Citi said in a research note that one in two new exchange-traded fund (ETF) launches in Europe, the Middle East and Africa so far in 2020 were ESG-linked.

Investors have poured $4.2 billion of assets into these 52 new funds, against $3.8 billion for new non-ESG funds. The ratios are far lower in other regions, with 12% of new assets in the United States going into ESG-linked funds and just 3.7% in Asia.

Demand for ESG investments has ballooned in recent years, particularly in Europe, driven in part by growing evidence that companies that perform well on various ESG criteria tend to outperform over the longer term.

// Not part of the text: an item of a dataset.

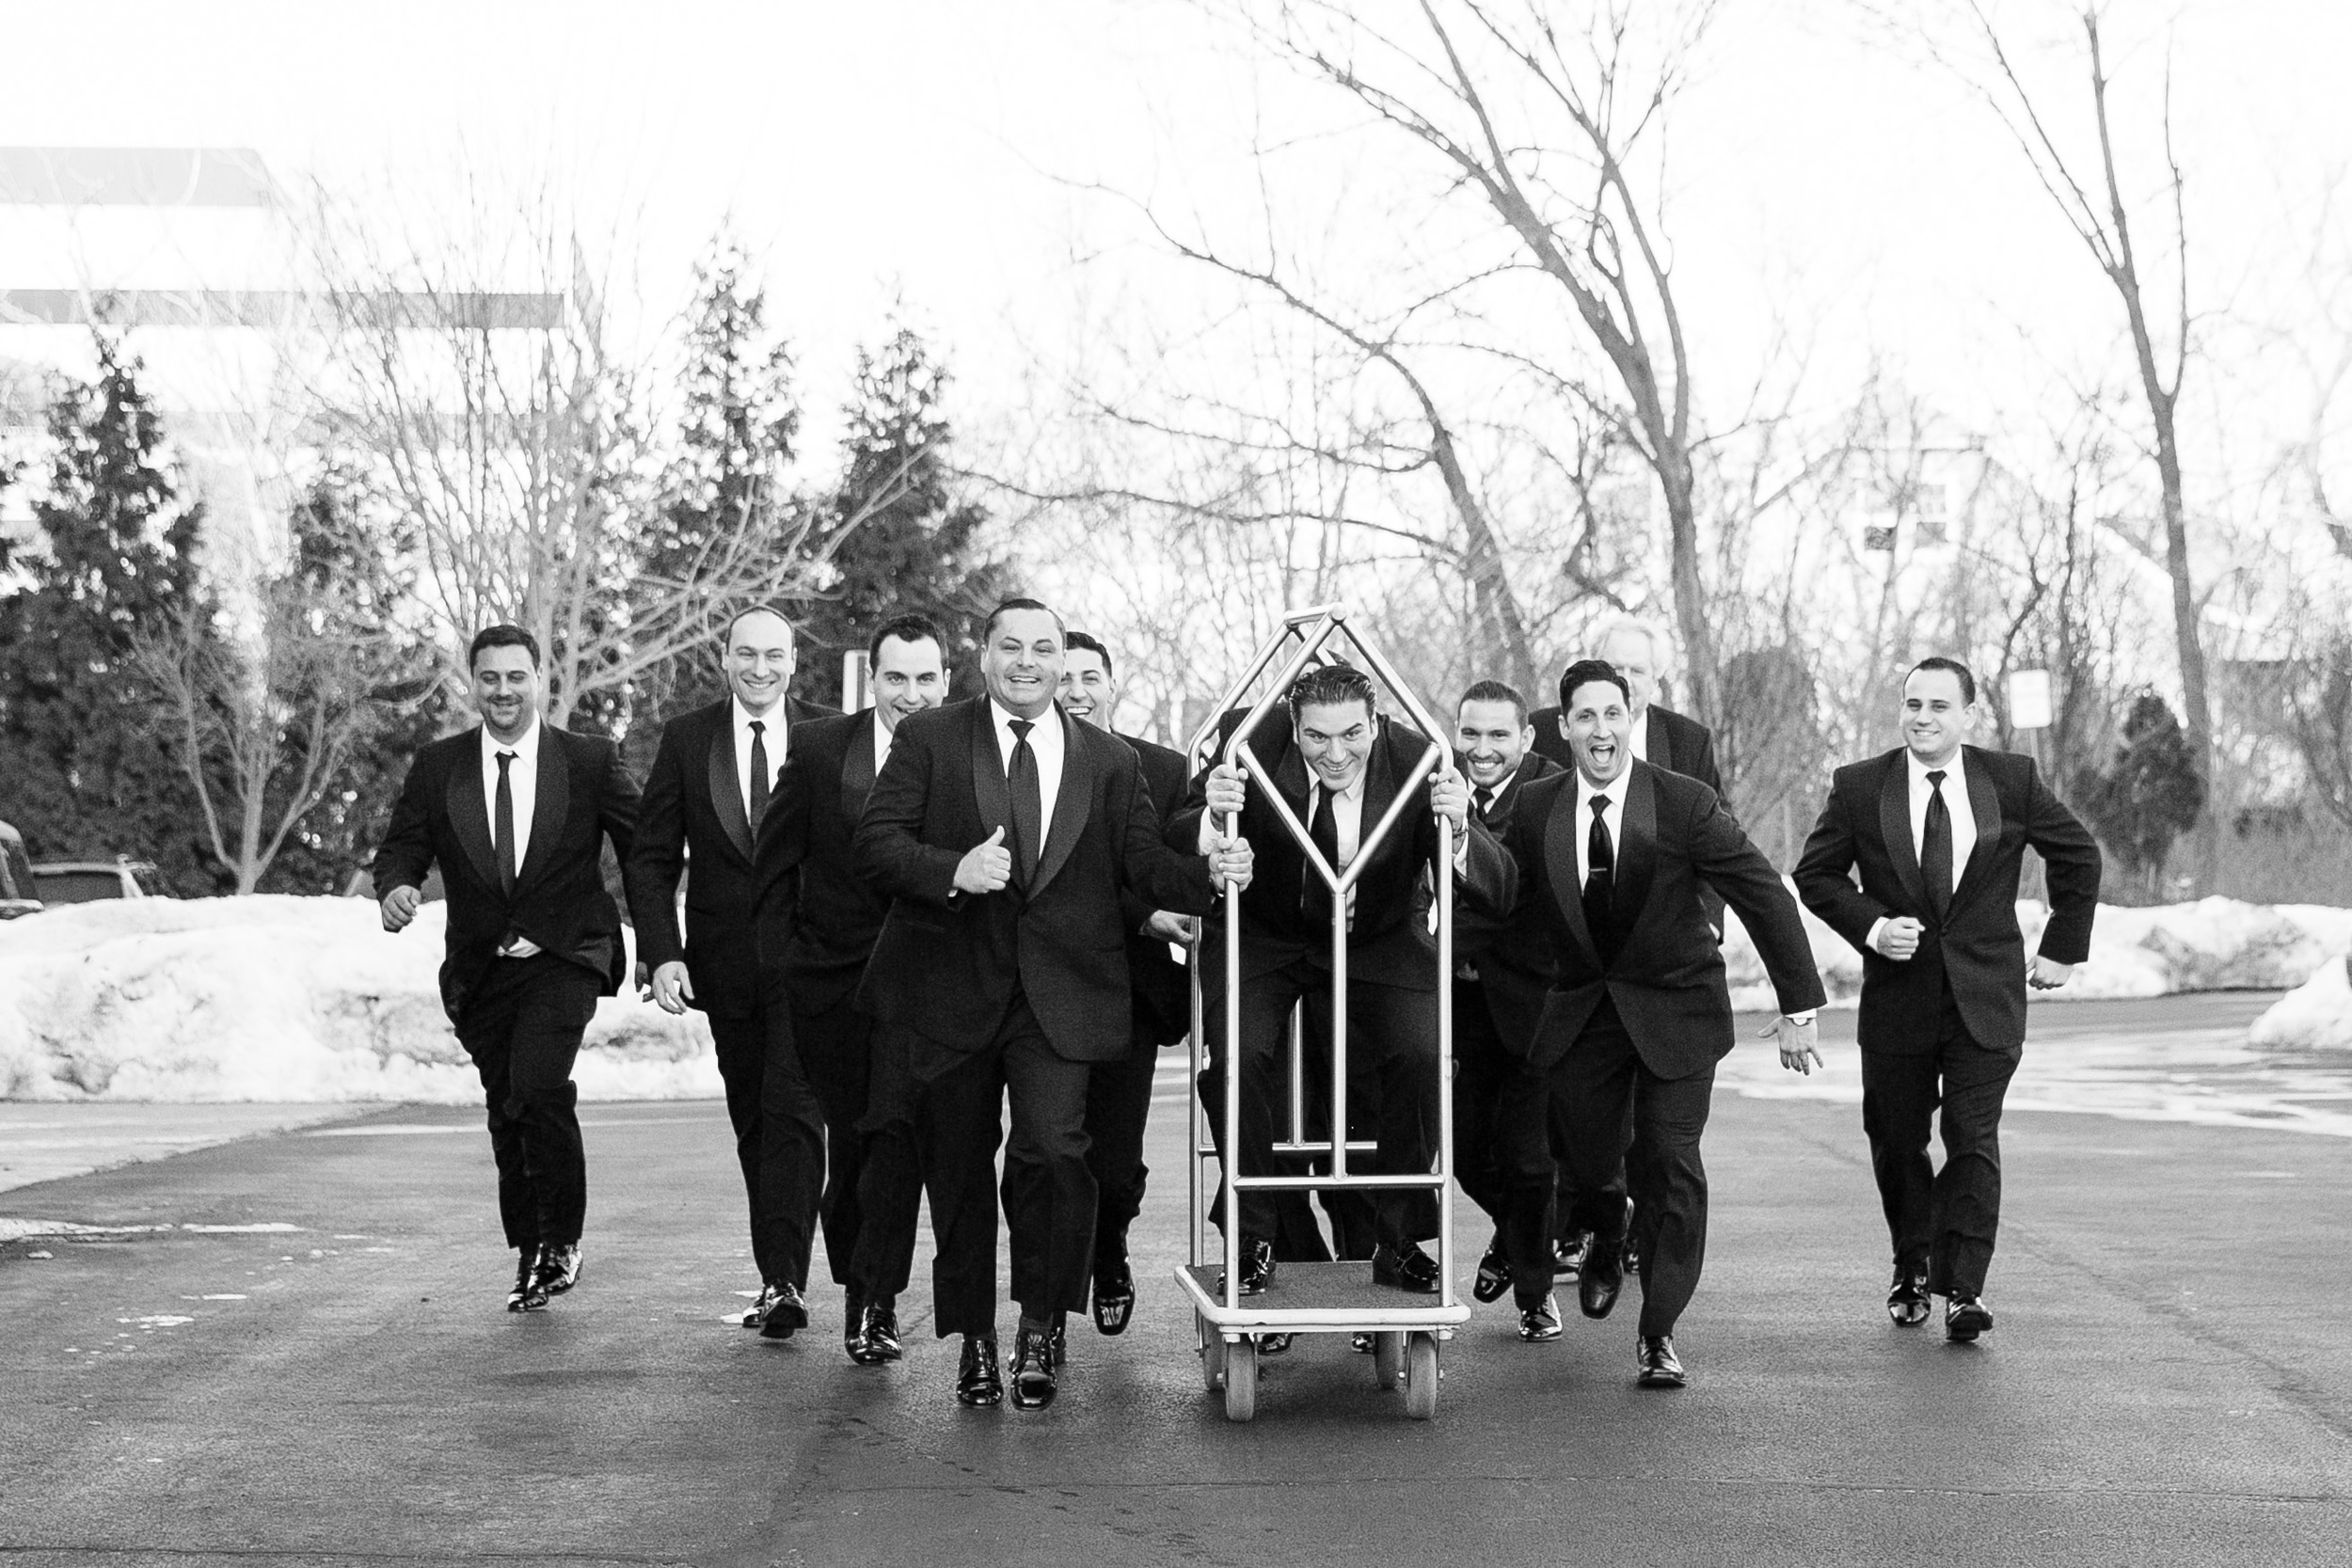 Russian-Jewish-Italian-Luxury-Wedding-The-Palace-at-Somerset-Park-NJ-Documentary-Wedding-Photography.jpg

"As ESG frameworks mature and standardize they will increasingly get incorporated into the investment process of a broader range of investors," Citi analyst Kim D Jensen said in Friday's research note.

"As such the trend is likely to continue into 2021 with ESG versions of ETFs across more and more ETF categories becoming available and not just on major geographical indices."

This year has provided several reminders of the risks to investors of ESG-related problems, most starkly the case of Wirecard. The German payments firm and once stock market darling, collapsed into insolvency in June after disclosing a 1.9-billion-euro hole in its accounts.

Bank of America estimates that more than $600 billion of S&P 500 company market capitalisation alone has been lost to "ESG controversies" in the last seven years.